Page 5 of 7 has allegedly suffered an injury, they cannot do so for the reasons discussed above. Appellants’ particularized, redressable injury must have existed at the time of appeal. They have failed to identify such an injury. 9 Further, this Court is without jurisdiction to determine private property rights except where specific statutory authority exists to do so. In re Ranney Dairy Farm, LLC, 2024 VT 66, ¶ 10. No such authority exists here. The sole injury alleged is an easement dispute with the Property’s owner. Appellants have not identified any other individualized physical or environmental impact arising from or related to the Town’s issuance of the certificates of compliance at issue in this case. Therefore, they do not qualify as interested persons in their individual capacities and are without standing to maintain an appeal. Given the Court’s conclusions above regarding the Trust and that Appellants’ lack standing to maintain this appeal, the Town’s Motion to Dismiss is GRANTED. Mr. Rodriguez’ Motion to Dismiss is, accordingly, DENIED as moot. This concludes the proceedings before the Court.
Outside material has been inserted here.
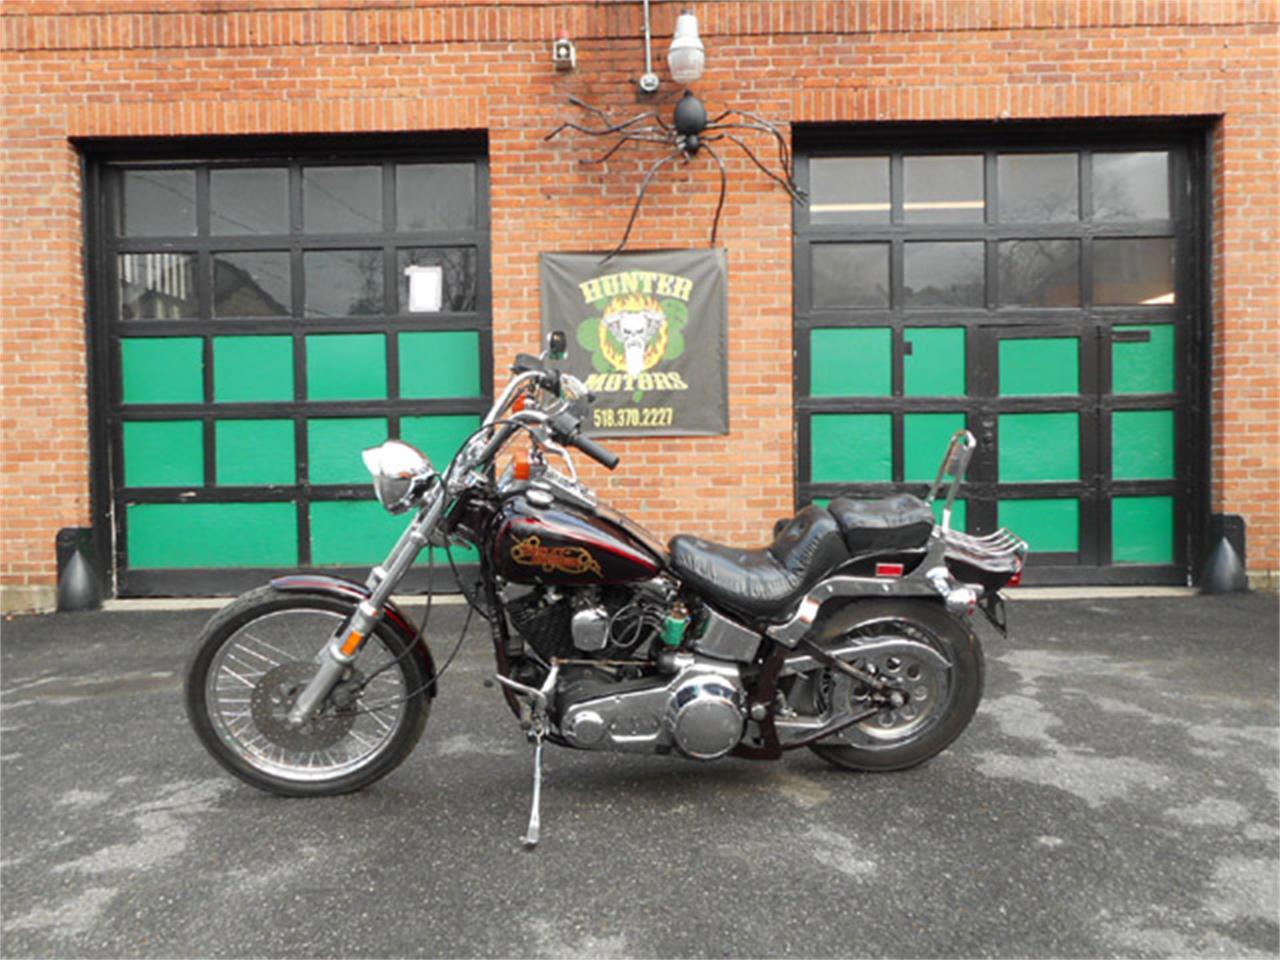 1988 Harley Davidson Fsxtc For Sale Classiccars Com Cc 948979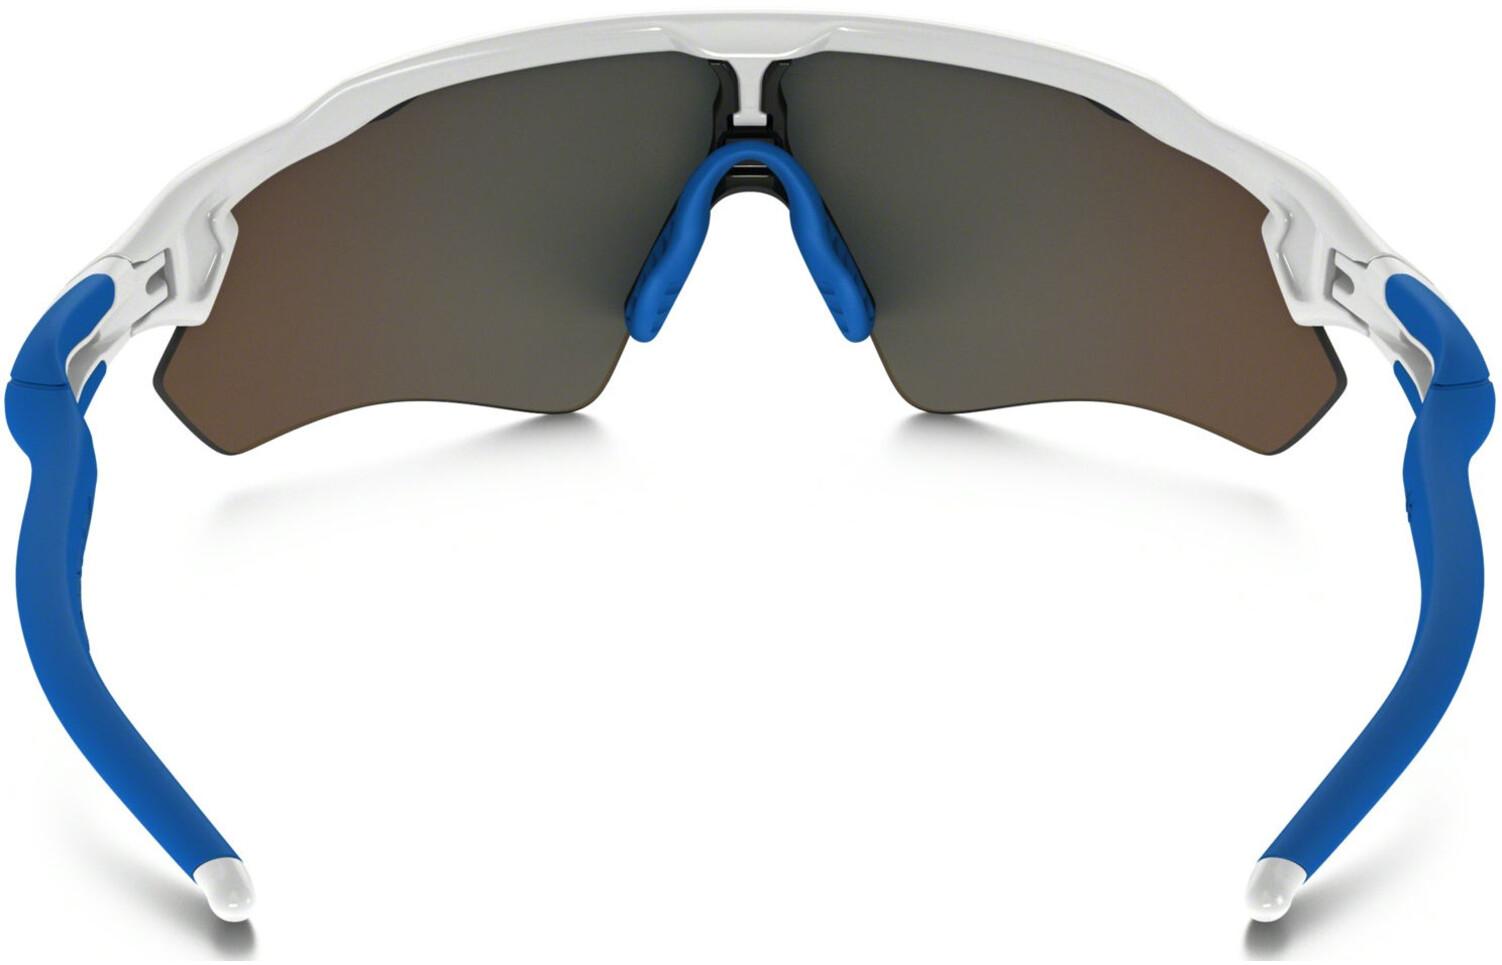 Oakley Radar EV XS Path - Lunettes cyclisme - bleu blanc - Boutique ... 5ae3ef52df59

A Judgment Order accompanies this decision.
Electronically signed on January 8, 2026, pursuant to V.R.E.F. 9(d).
Joseph S. McLean Superior Court Judge Environmental Division
9 Moreover, while the Lease gives Appellants the right to use of the premises, it does not expressly authorize
Appellants to commence litigation to enforce easement rights held by the LLC or to bring other claims or appeals on its behalf.